预测性方法保障油气开采生命线-石油圈

稳定高效的油气开采可离不开压缩机这个关键设备！

来自 | JPT
编译 | TOM 惊蛰

压缩机系统在油气生产中地位非常重要，大部分石油石化设备都离不开气体压缩机，该技术也被成为油气开采的生命线，如何保持其高效平稳运行是行业关注的重点。利用先进的机器学习方法，可以确定异常情况，预测潜在的压缩机跳机及原因，并提出足够的警告，以便进行干预。这种预测性维护方法有可能减少旋转设备故障造成的停机时间。

利用机器学习系统首当其冲就是训练模型，以识别正常与异常的条件。然后，利用该模型将设备的实时数据进行分类，指出设备性能何时偏离了确定的稳定状态。识别异常的能力是该方法与传统监测工具的主要区别。随着数字技术的进步，可以在几分钟内实现对比与警告，使工程师在收到故障警告时采取适当的预防措施。

研究人员根据某地区2016年的历史数据，分析了该系统在预测故障时的效率。还处于概念验证阶段的系统在一年内正确地预测了11次事故，而在这段时间内共发生了23次故障，成功预测率将近50%。更重要的发现之一是，机器学习模型提前数小时预测了故障。其中一次，提前了36小时。其他8个预测中，通知时间也平均提前了约7小时。

本文中将支持向量机（SVM）作为检测机器异常状态的分类器。利用SVMs进行二类分类。一些学者认为，与线性判别分析和反向传播神经网络等技术相比，SVM分类器具有更好的分类效果。

SVM的一个特性是它们可以通过非线性函数，将数据投影到更高维度的空间，来创建非线性决策边界。单类SVM可创建一个二进制函数，捕获输入空间中存在大部分数据的区域。由此形成的函数，对于由训练数据点定义的区域返回+1，而在其他区域返回-1。

低压压缩机是一个关键生产设备，当工程师发现异常时，通常会选择绕过或手动关闭。这是数据集中不含有实际跳机，但包括许多手动停机的主要原因。例如， 2017年数据的分析显示，31个记录的延期，4个是手动停机，7个是流程待机，19个被归类为故障。在这19次故障中，只有6次是由低压压缩机（LPC）的某些故障引起的，其余13次是由LPC上游子系统的问题引起的。无法区分LPC的所有失效模式与LPC的重复失效模式。因此，选择单类SVM作为模拟LPC正常工作的合适策略。无论故障模式如何，这都可以识别任何异常事件。

为了训练用于LPC以及其作业流程的SVM，确定了大约300个模拟标签。模拟标签比数字标签少，但数据点是连续的而不是离散的。这300个标签分为两个模型，LPC以及作业流程。LPC模型由近230个输入标签组成，流程模型由近70个输入标签组成。流程模型还包括许多子系统。两种模型的所有标签在被送入相应的SVM模型之前，都经过了一定的预处理步骤。

为了确定LPC的正常工作状态，研究人员主要关注了两种策略:

事件日志。LPC上的每个事件都被记录为错误，然后归类为故障或其他类型的延迟。
流程稳定状态。这是根据关键阀门的位置来决定的，这些阀门可表明LPC是否在线并处于生产状态。此外，还可及时为LPC与流程模型创建确定的边界。对于LPC模型，发生延迟2小时之前与2小时之后的数据点被认为是异常的。对于流程模型，采用了6小时的边界余量。
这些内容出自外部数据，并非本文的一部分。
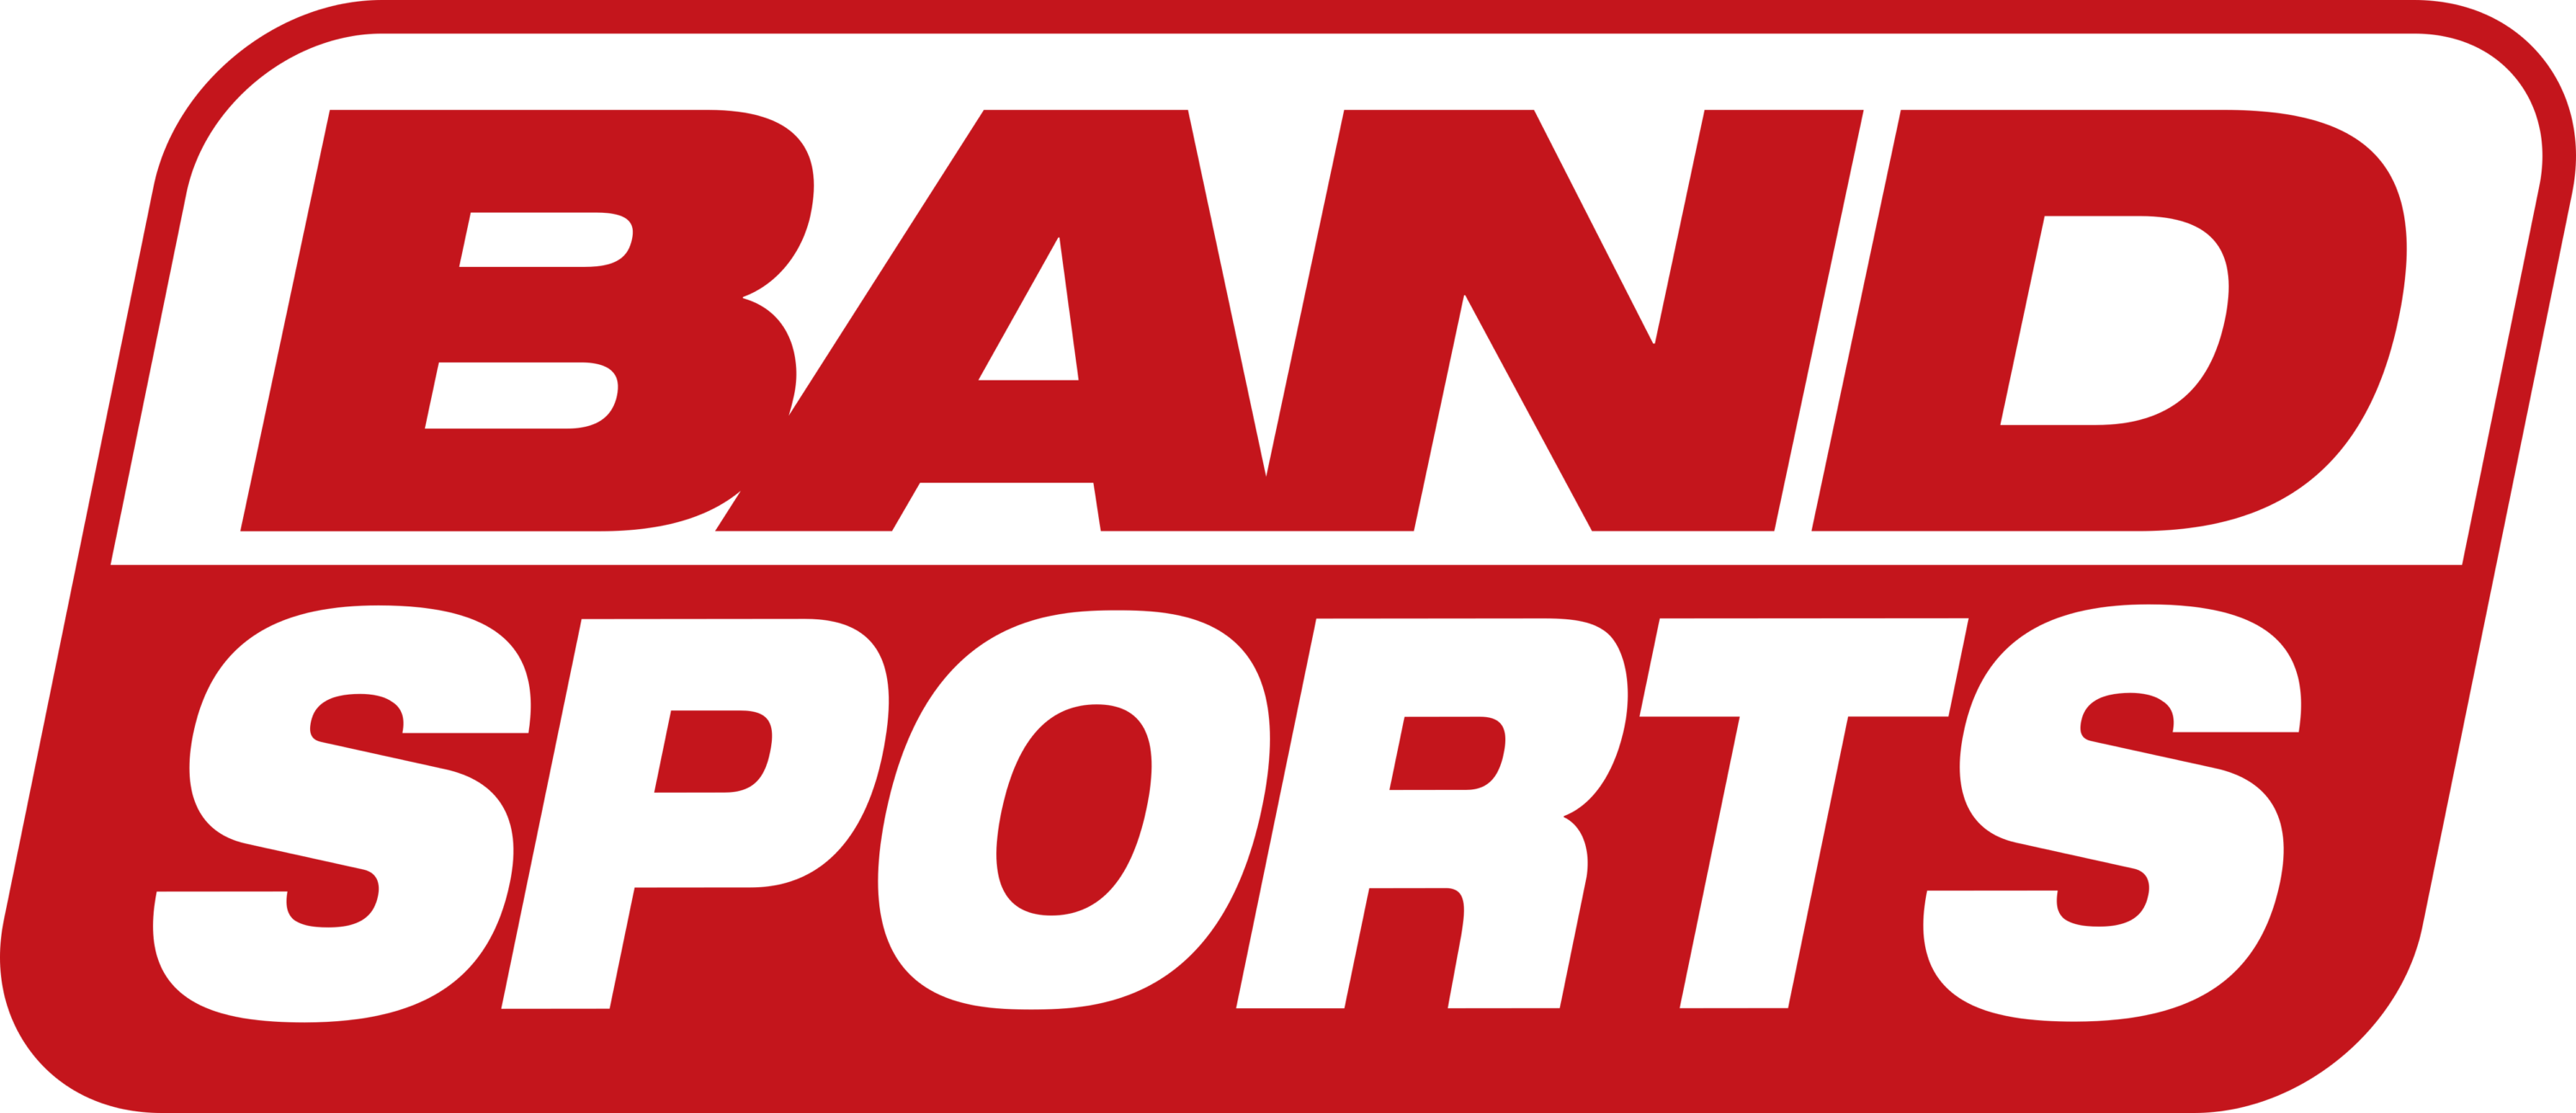 BandSports TV Logo

表现最好的单类模型是基于流程稳态来定义机器的正常工作状态，并且滚动窗口上的数据聚类作为延迟来计算变化率，计算值可被用于训练LPC与流程的SVM模型。每10分钟输入一次测试数据流，并执行用于训练模型的相同预处理步骤。1周的滚动窗口被确定为平滑数据以及计算当前观测到的变化率的最佳措施。模型输出包含一个简化的标记列表，LPC模型大约200个标记，流程模型大约30个标记。通过删除低方差标记以及删除警告的预处理步骤，来解释标记数量减少的原因。SVM模型的输出本质上是布尔值，表示数据点是正常的还是异常的。这种连续的输出流几乎可以实时地显示LPC及其流程的状态。

当单类SVM模型从正常翻转变为异常(从真变为假)时，它就被认为是LPC状态的警告或变化。每当发生上述翻转时，所有标签的所有值都按降序排列，并选择与报告前10个标记。根本原因识别是一种派生机制，它将SVM输出视为唯一输入。

LPC的性能数据存储在基于时间的数据库中。可在商业软件中构建工作流程，以执行端到端提取/变换/加载以及数据处理任务。该工作流程部署在服务器上，每10分钟运行一次。每次运行工作流程时，软件程序会以1分钟的频率为大约300个选定的压缩机以及流程变量输入前10分钟的数据。这些数据通过各种模块传递，以进行筛选、转换与验证。然后，数据通过工作流程中嵌入的模块进行传递；利用标准库，结合SVM算法，将压缩机数据生成二进制的异常值分类。再之，软件将结果输出到结构化查询语言数据库，结果只是表示故障预测的布尔值true或false。当结果从true变为false并保持false超过10分钟时，系统会发送一封电子邮件来警告出现了故障预测。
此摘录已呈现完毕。